What this task involves:
All that belongs in the answer is the lines from the one containing "Perceeloppervlakte Cornelis Buysstraat" to the end of the listing below, copied exactly, pictures excluded.

Source material:
== Segment start ==
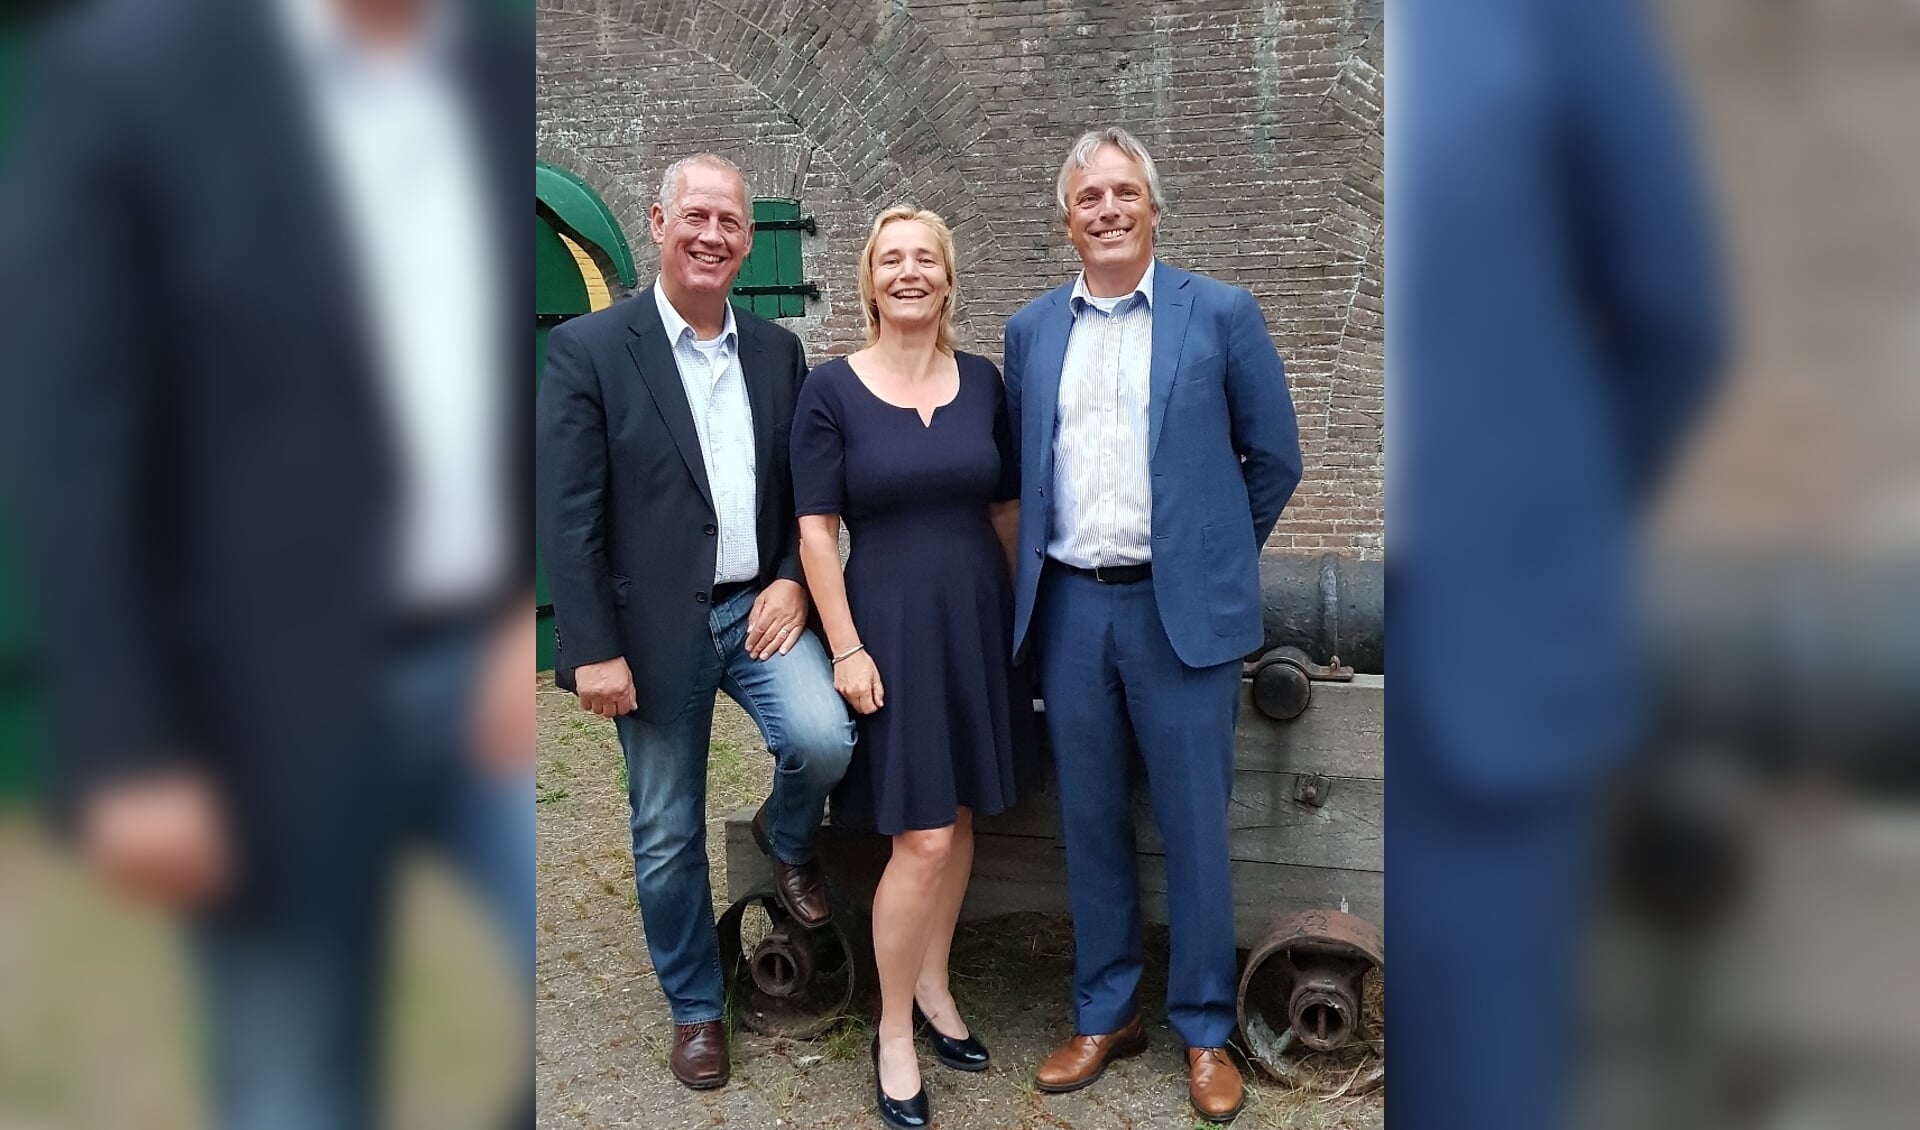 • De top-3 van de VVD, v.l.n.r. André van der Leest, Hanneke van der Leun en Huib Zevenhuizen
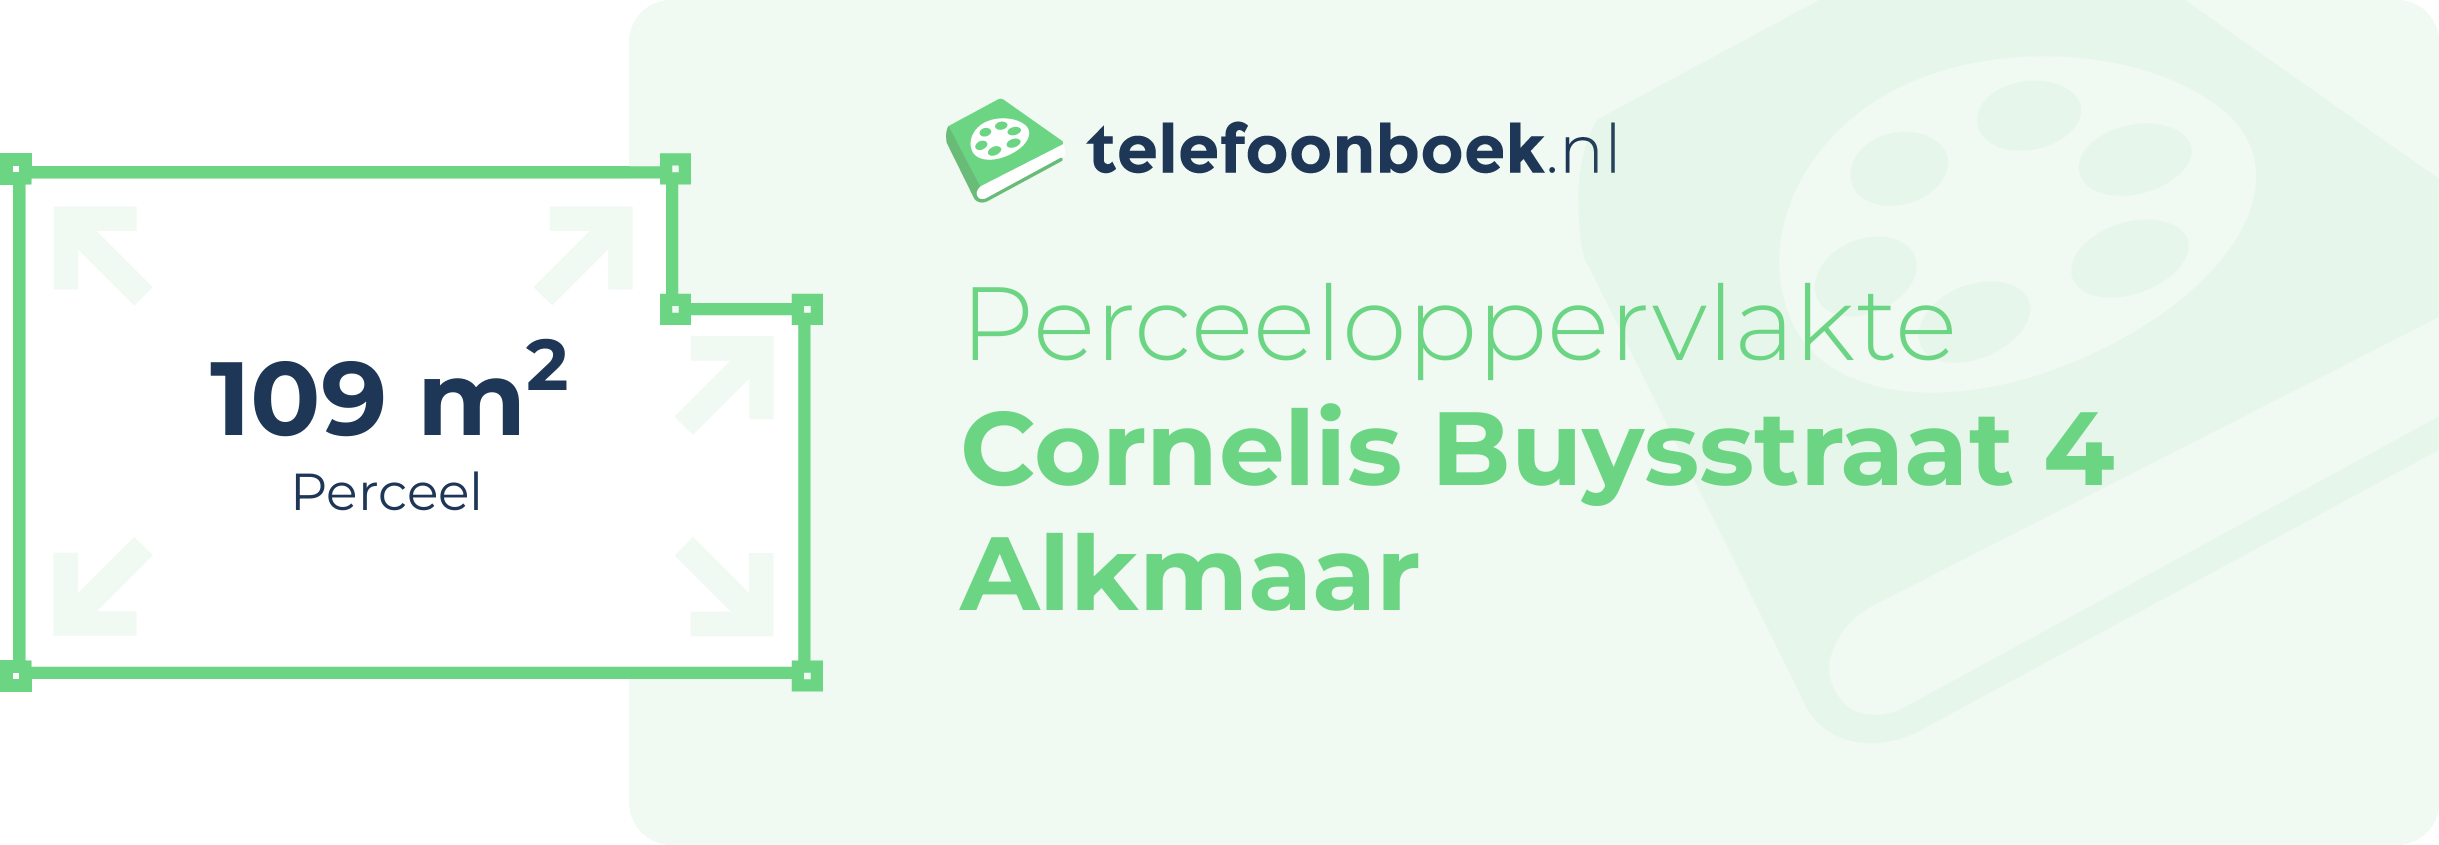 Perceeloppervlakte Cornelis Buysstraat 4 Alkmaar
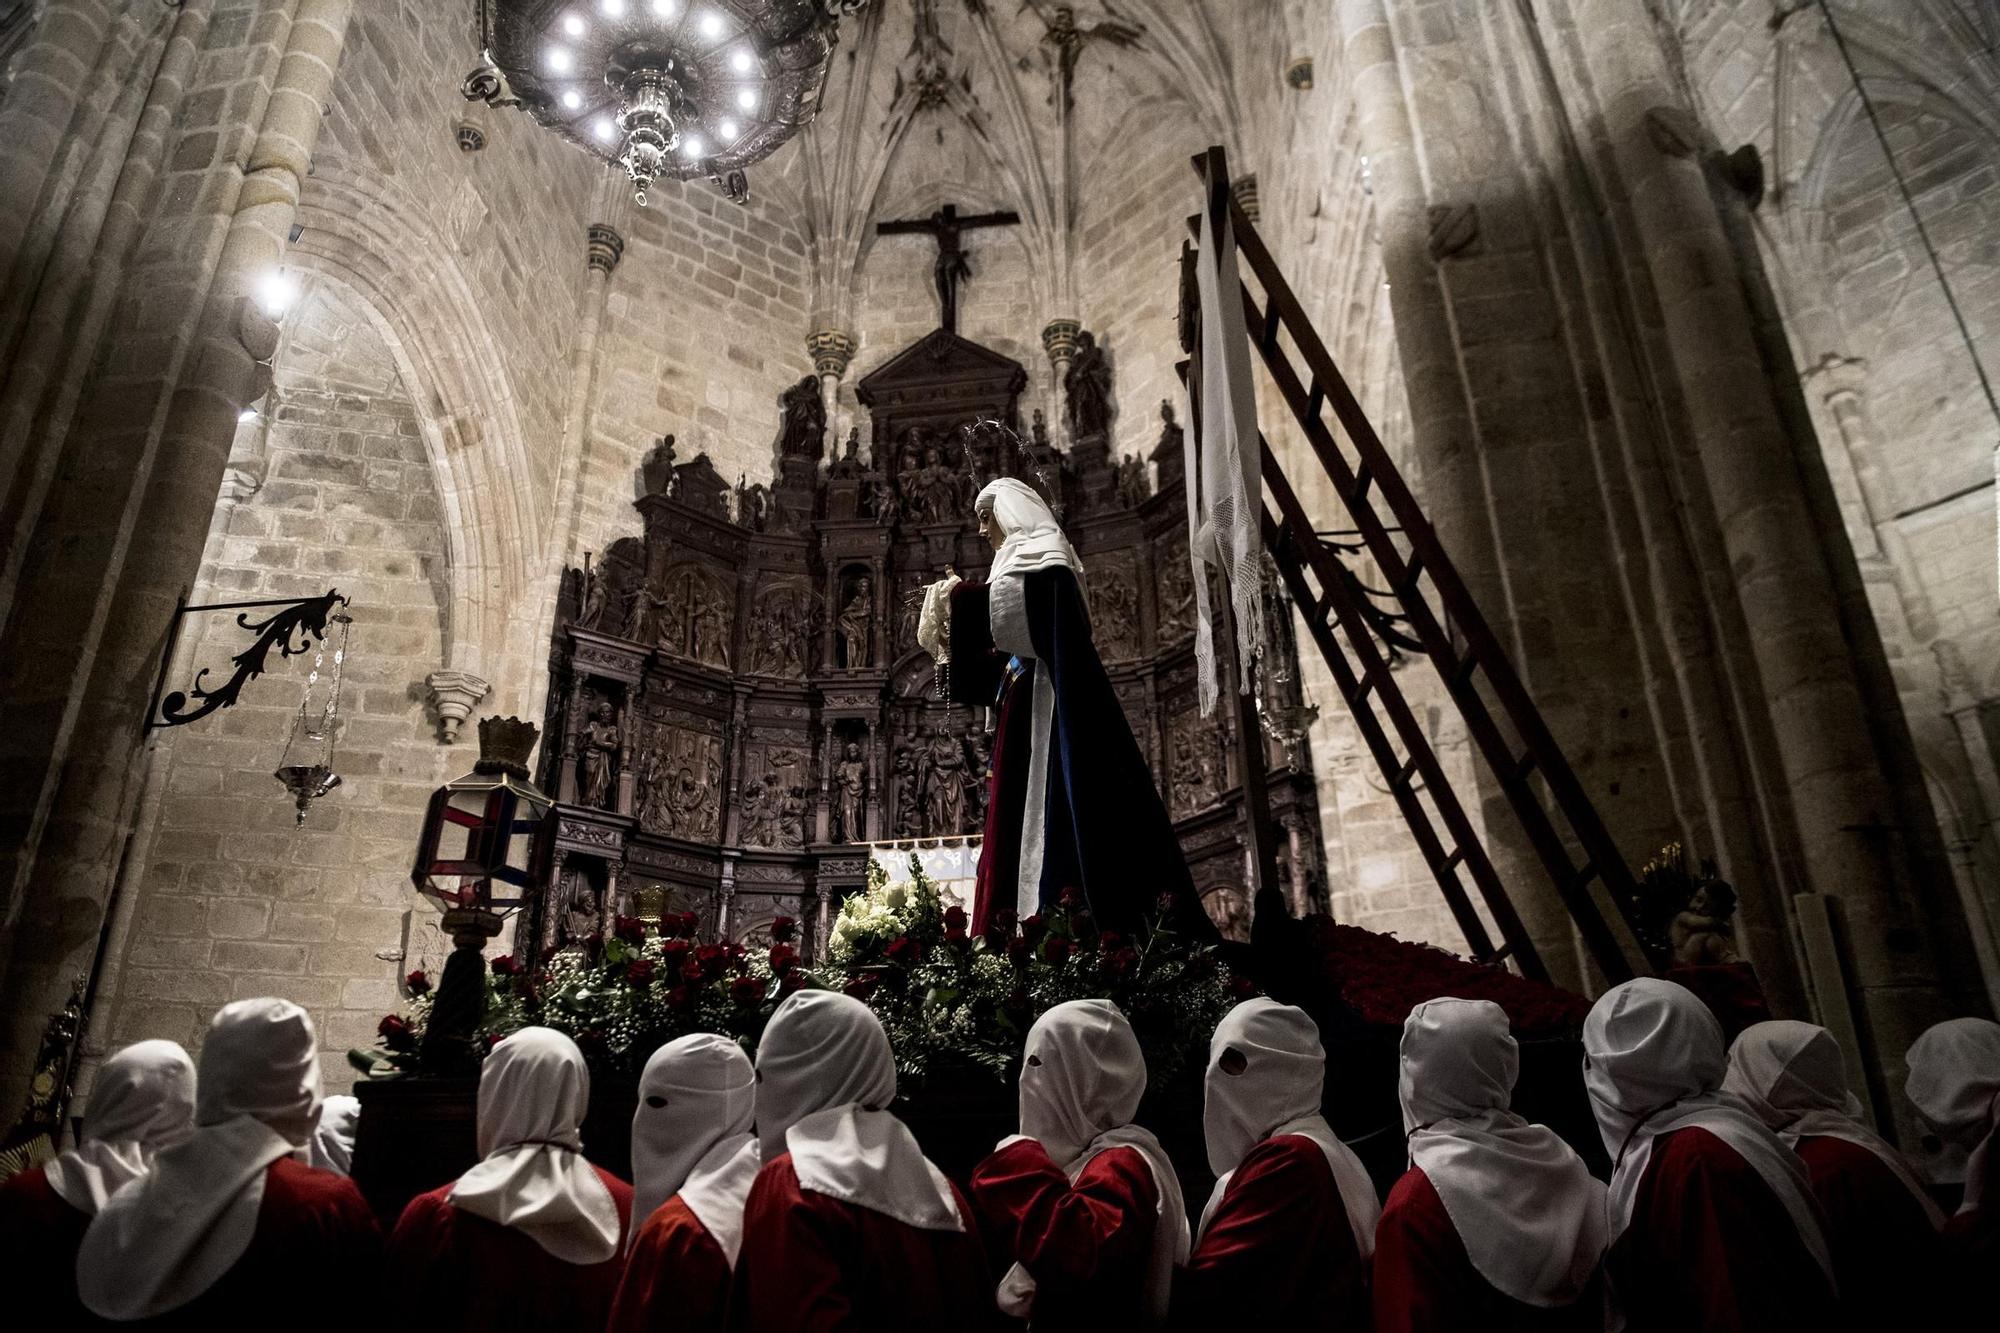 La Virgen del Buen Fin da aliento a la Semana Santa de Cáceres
== Segment end ==
Solution to the exercise:
 Perceeloppervlakte Cornelis Buysstraat 4 Alkmaar
 La Virgen del Buen Fin da aliento a la Semana Santa de Cáceres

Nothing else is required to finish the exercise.